In 1976 or so, Jackson Browne wrote about traveling in a tour charter, saying:
We’ve got country and western on the bus, R & B
We got disco in eight tracks and cassettes in stereo
We’ve got rural scenes & magazines
We’ve got truckers on CB
We’ve got Richard Pryor on the video
So, ‘stereo’, oh boy. Now we have stereo in our pockets. My children and theirs have all that and better, mounted on the seat backs of the family van. Maybe not so many rural scenes and fewer magazines.

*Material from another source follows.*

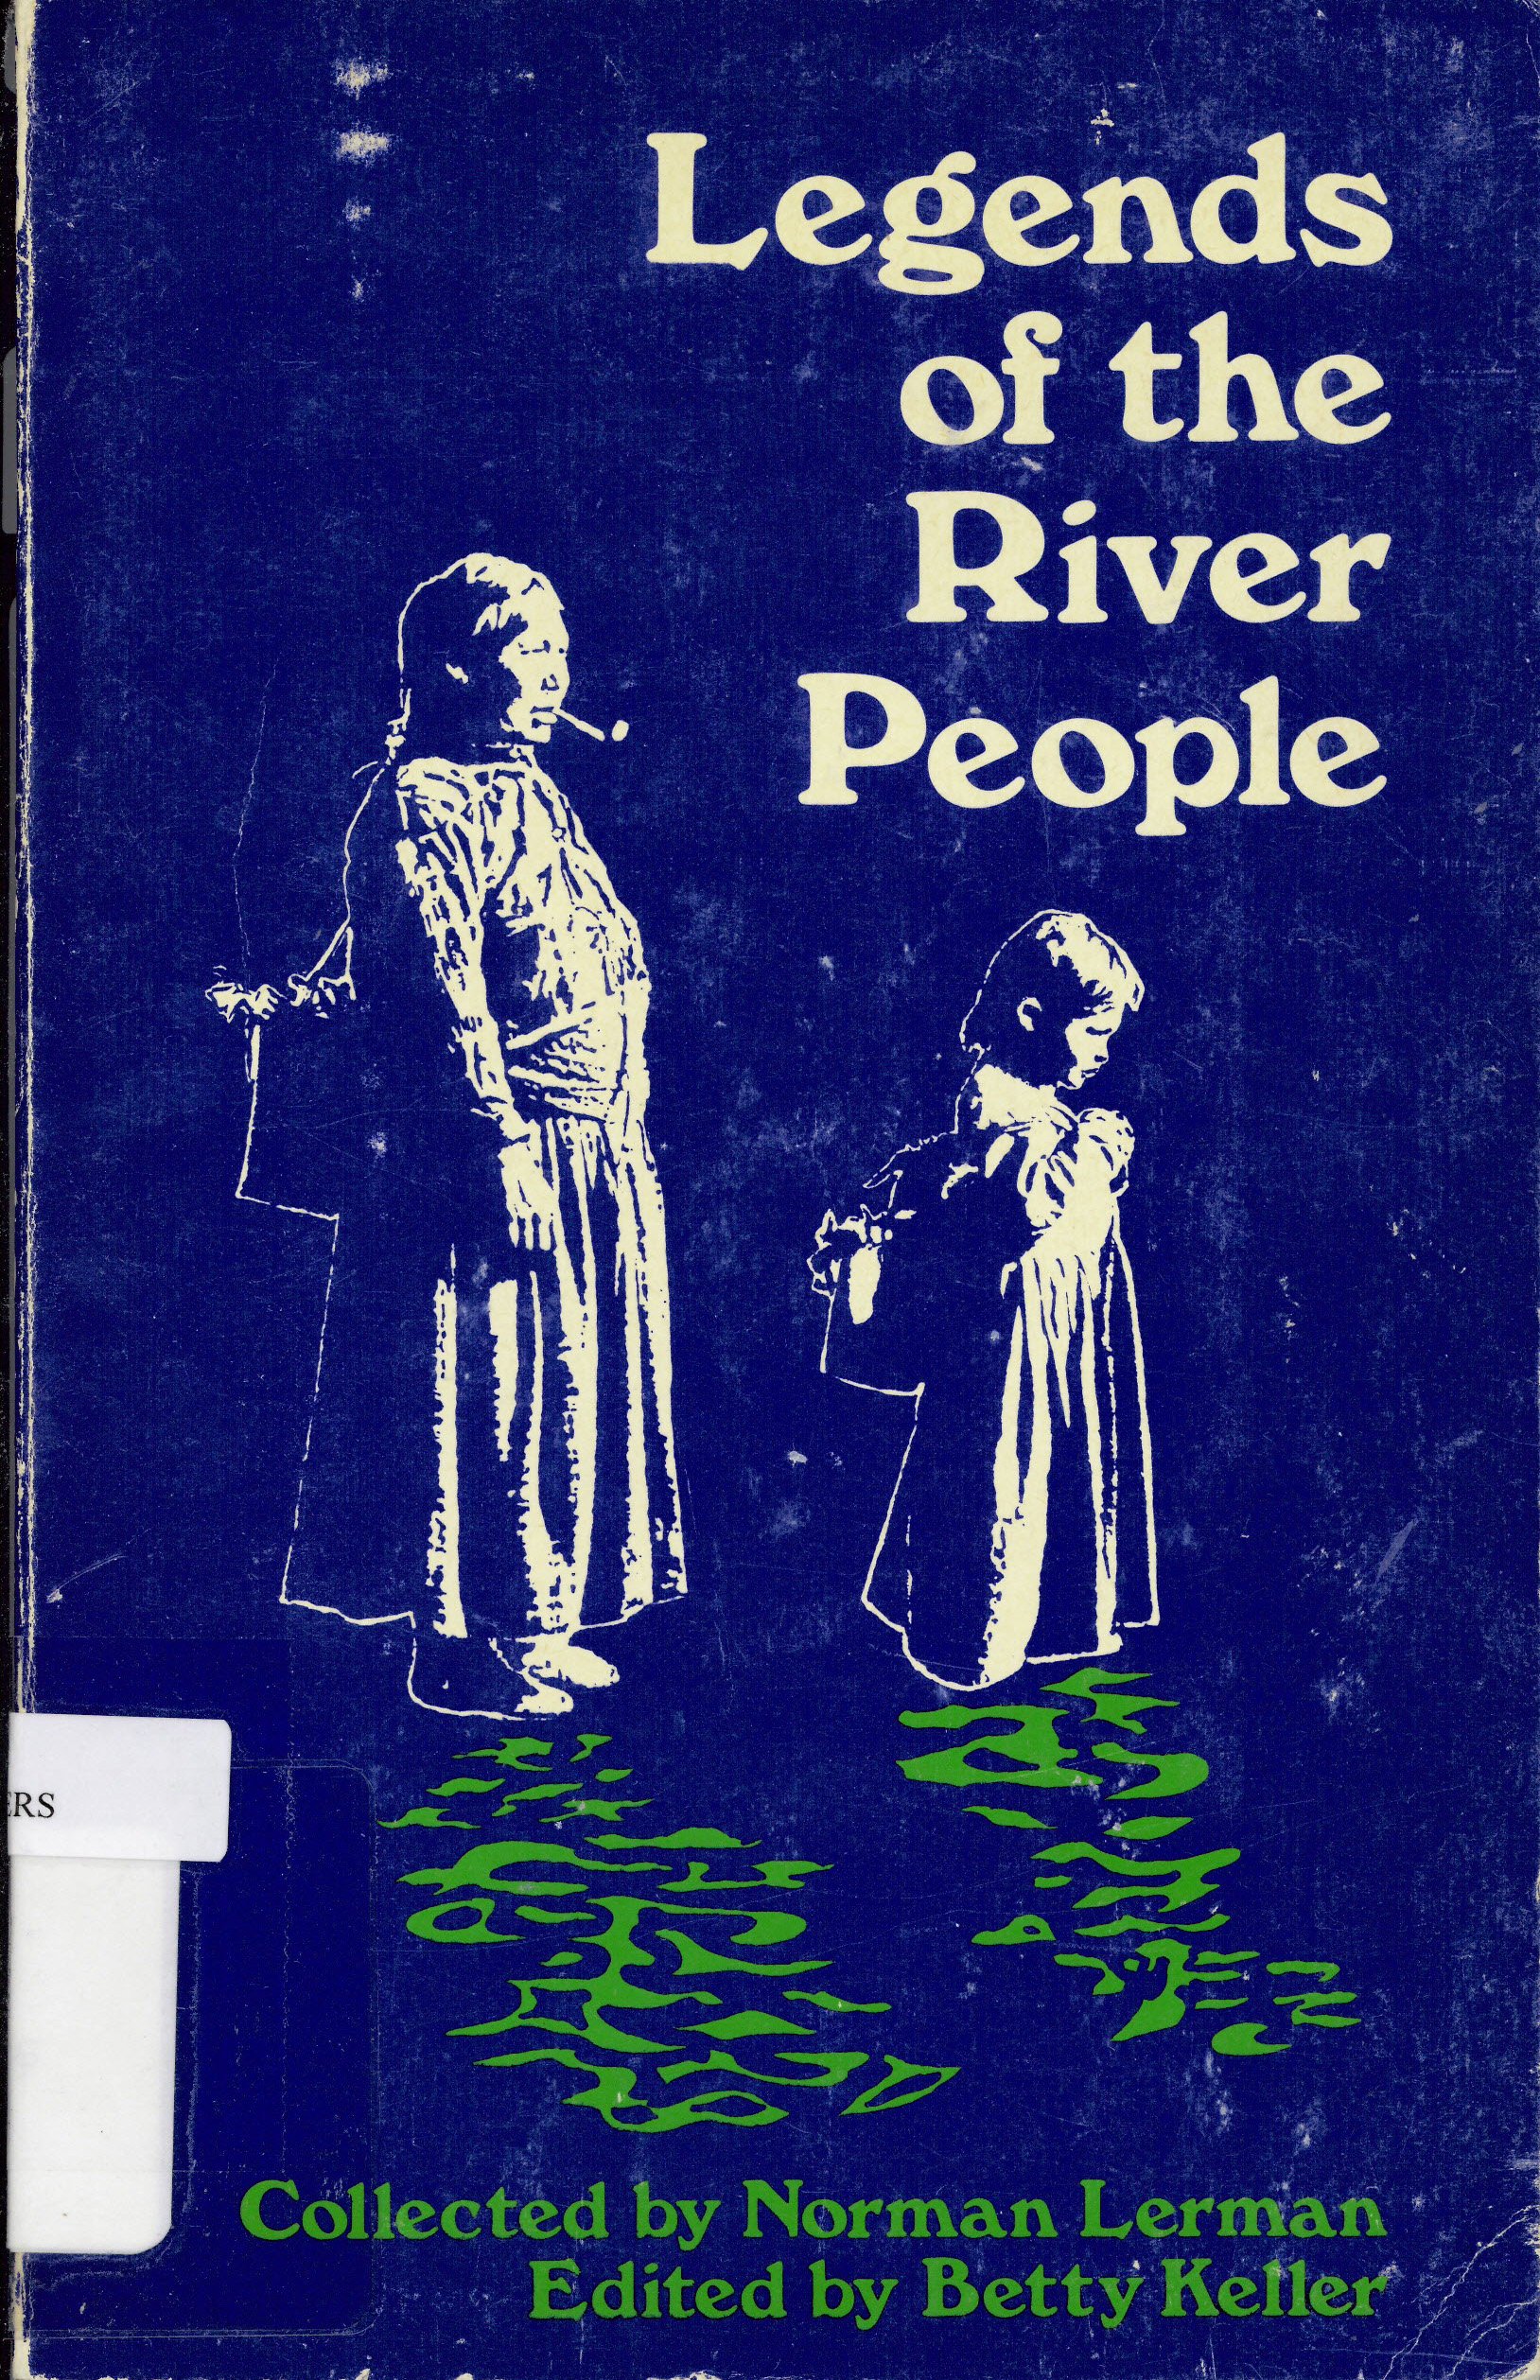 Legends of the river people.

Then there are the roads. When I was that boy the highway trip from my family home in Ann Arbor to grandpa’s house in Chicago was a miserable, not-air conditioned, cramped eight hours in the ’48 Ford. (No videos, no R&B, no CB, just us three squirming kids. And not the pictured actual particular car.) Now that 250 miles takes four hours (and has all the above).
It was even tougher before my time. Dad courted mom from his first job, assistant pastoring of a church in Jackson, Michigan which she lived at home in Chicago. It was the Thirties, the Depression. Dad had a Model A which cruised at 45, which makes the trip to see his girlfriend an eight plus hour grind each way. He says that he was earning $18 a week, and that he could make the trip to Chicago only three times a year. The rest of of the time he wrote letters.
By the time I was making that trip by myself, it was that painless four freeway hours with choice of stereo. The last leg into Illinois and Indiana of my childhood trips was thru East Chicago and Gary, under the red glowing walls of the great steel mills, a distinctive, poisonous smell that I can still recall. Now you could go look, but the mills are gone, and the highway goes way around Gary anyway.